In any case, our finding of plasma Aβ alterations in bipolar patients leads us to investigate about possible neurodegenerative phenomena involved in bipolar disorder pathophysiology.
Further studies are needed in order to understand whether Aβ-mediated neurotoxicity might increase the risk for dementia and cognitive decline in our patients. It would be important to clarify whether a primarily “amyloid-associated” mood disorder with resistance to treatment and risk for cognitive decline exists, or whether neurodegenerative processes, mediated by Aβ and triggered by recurrence of affective episodes, represent an epiphenomenon in all patients with mood disorders.
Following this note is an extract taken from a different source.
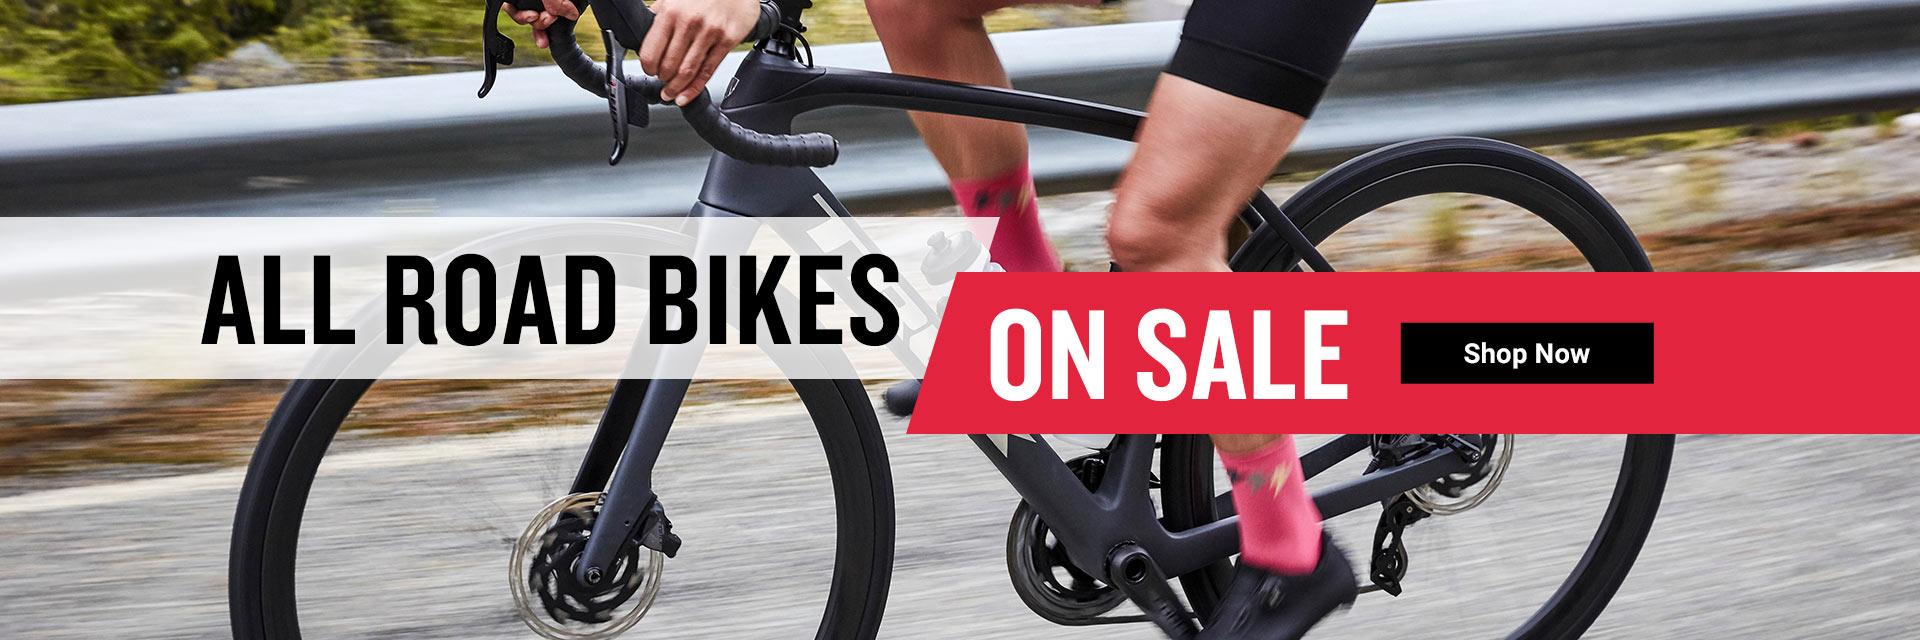 All road bikes on sale

At the same time, further research should realize if plasmatic Aβ peptides may represent a good and reliable bio-marker of neurodegeneration and cognitive deterioration in depressed and bipolar patients, especially in those with high illness recurrence.
However, is mandatory to integrate an accurate cognitive assessment during the follow-up of patients suffering from mood disorders, particularly from bipolar disorder, in order to allow the early recognition of cognitive impairment. This represents an important issue to design adequate therapeutic treatments. Along this view, treatments potentiating the dopaminergic transmission and modulating the glutamatergic transmission should be considered for cognitive impaired bipolar patients.